Re: [PATCH] mm/vmalloc: lock contention optimization under multi-threading

From: rulinhuang
Date: Fri Feb 09 2024 - 06:49:52 EST


Hi Rezki, thanks so much for your review. Exactly, your suggestions
could effectively enhance the maintainability and readability of this
code change as well as the whole vmalloc implementation. To avoid the
partial initialization issue, we are trying to refine this patch by
separating insert_map_area(), the insertion of VA into the tree, from
alloc_map_area(), so that setup_vmalloc_vm() could be invoked between
them. However, our initial trial ran into a boot-time error, which we
are still debugging, and it may take a little bit longer than expected
as the coming week is the public holiday of Lunar New Year in China.
We will share with you the latest version of patch once ready for your
review.
In the performance test, we firstly build stress-ng by following the
instructions from https://github.com/ColinIanKing/stress-ng, and then
launch the stressor for pthread (--pthread) for 30 seconds (-t 30) via
the below command:
/stress-ng -t 30 --metrics-brief --pthread -1 --no-rand-seed
The aggregated count of spawned threads per second (Bogo ops/s) is
taken as the score of this workload. We evaluated the performance
impact of this patch on the Ice Lake server with 40, 80, 120 and 160
online cores respectively.

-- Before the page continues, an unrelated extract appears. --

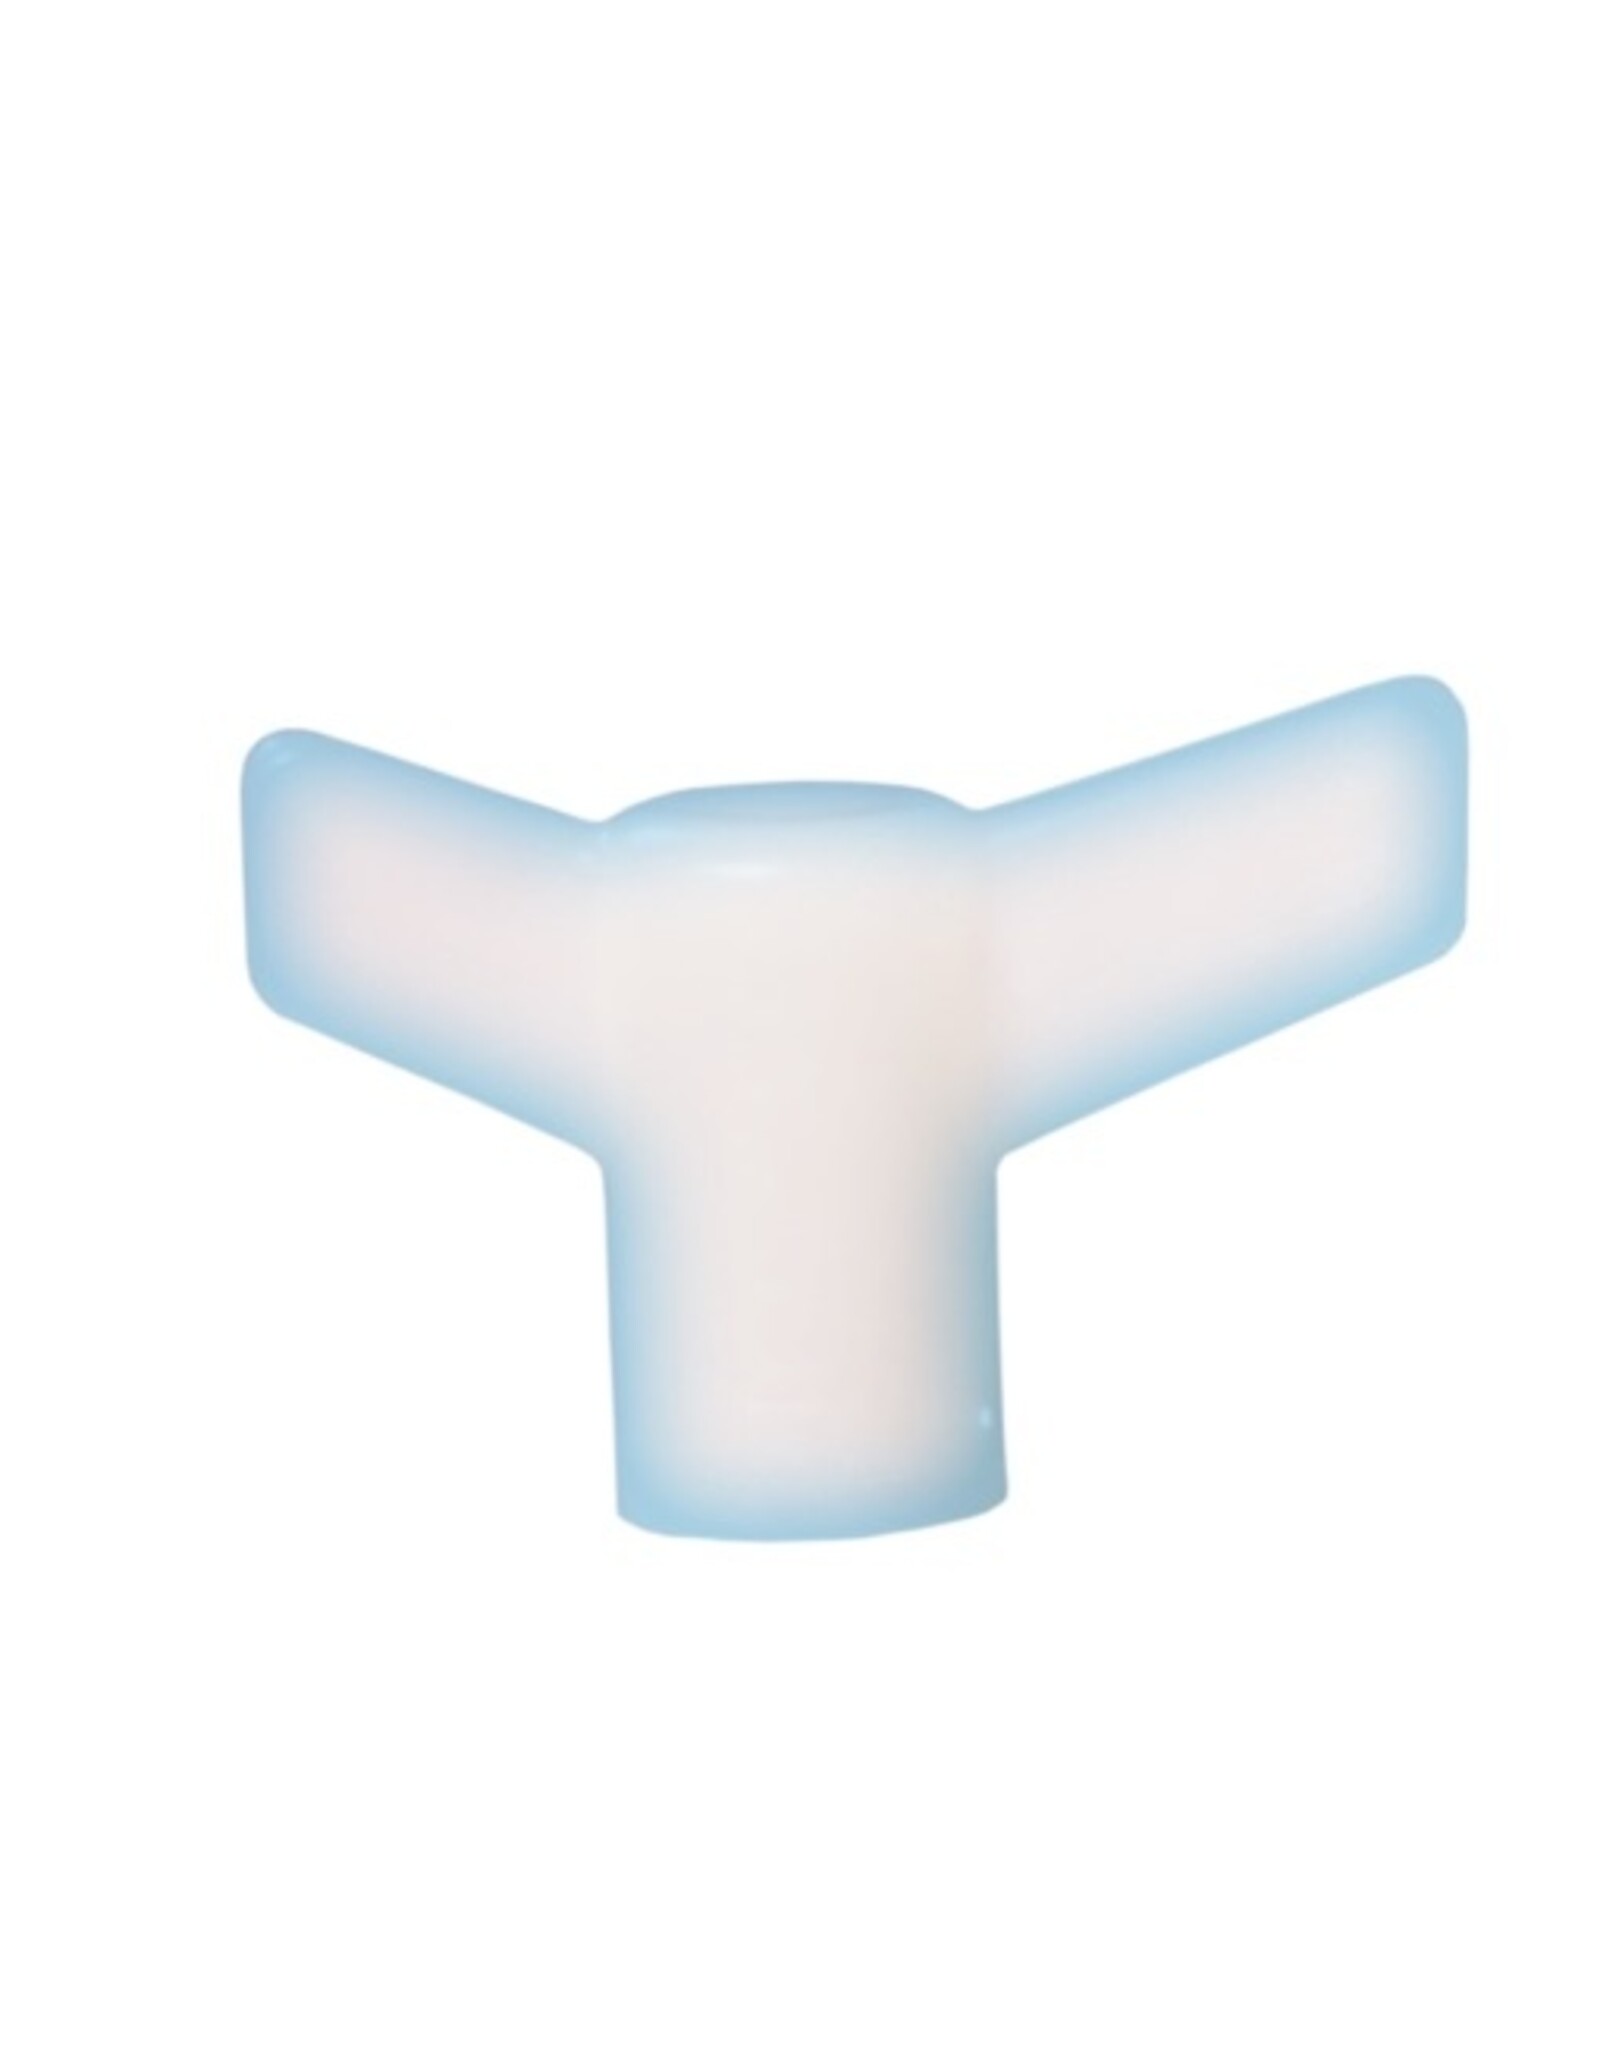 Barefoot Buttons Barefoot Buttons WingMan IceMan White Glow-in-the-Dark Option Knob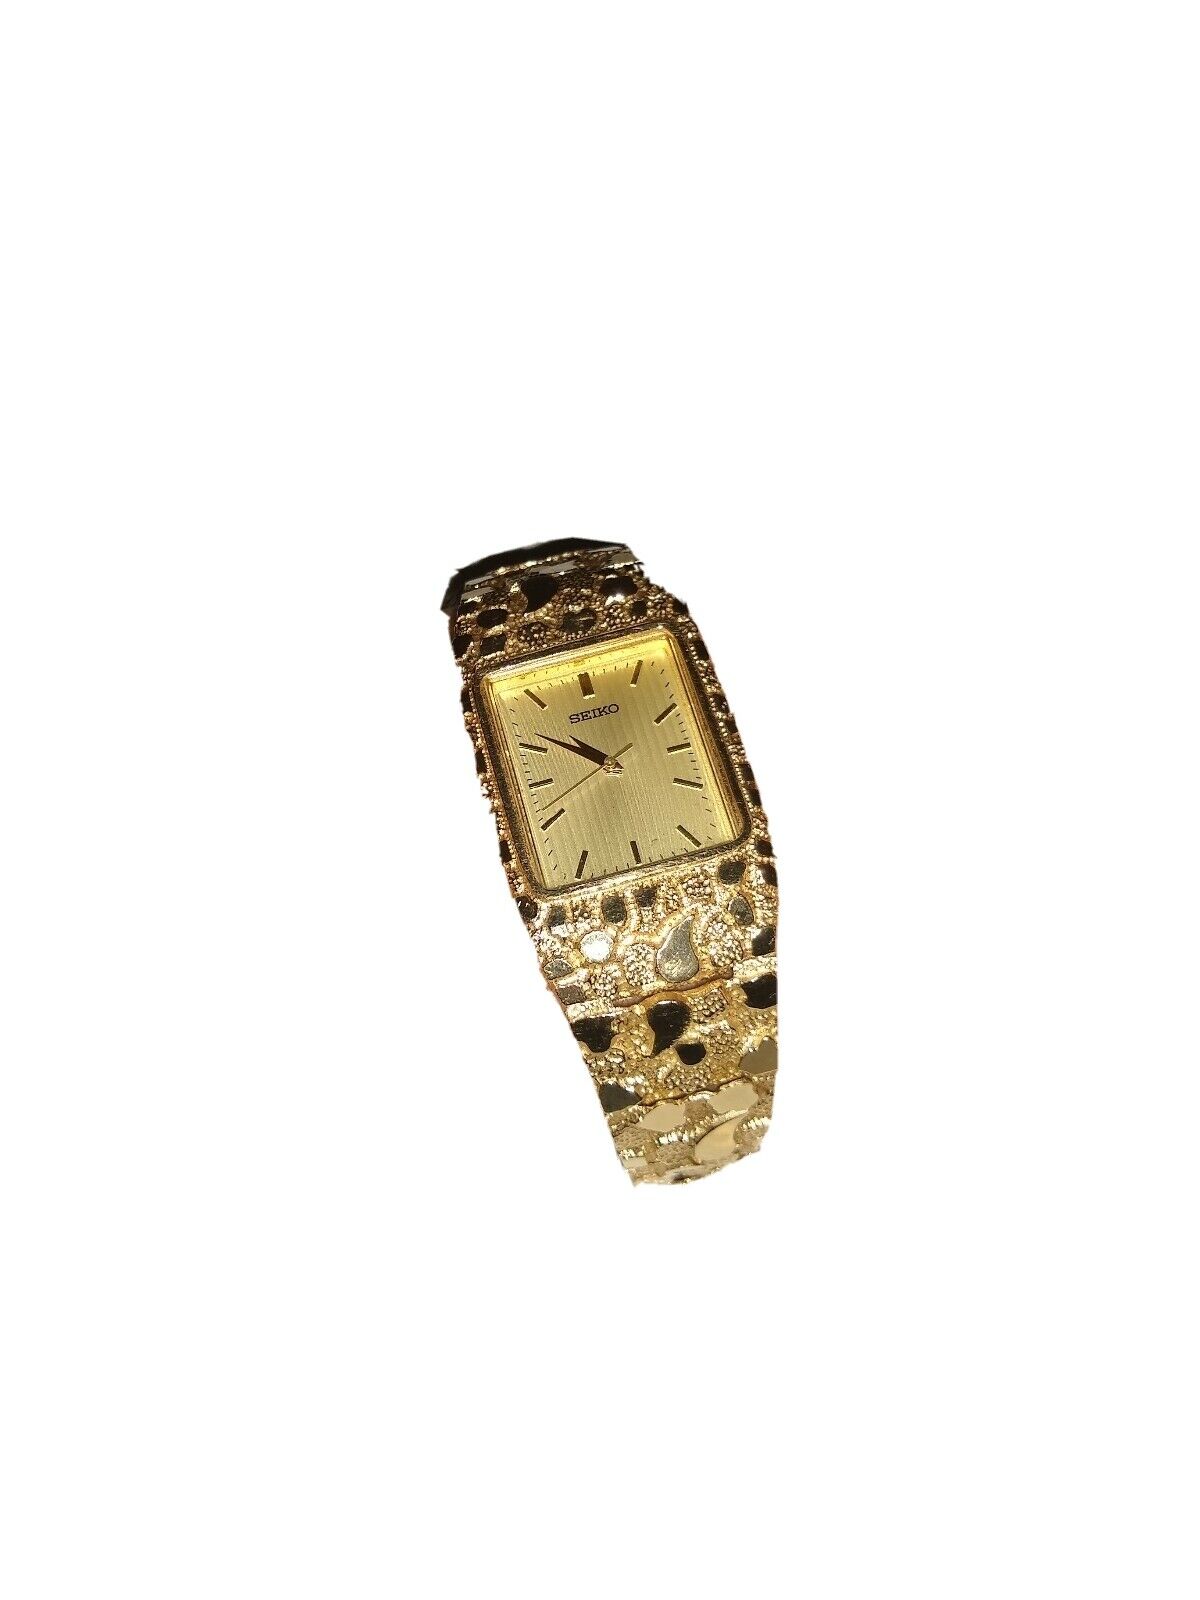 Seiko 10k Genuine Gold Nugget Watch Authentic Not Plated

And as is shown in below figure, with
the expansion of online cores, this patch could relieve the
increasingly severe lock contention and achieve quite significant
performance improvement of around 5.5% at 160 cores.

vcpu number 40 80 120 160
patched/original 100.5% 100.8% 105.2% 105.5%

Thanks again for your help and please let us know if more details
are needed.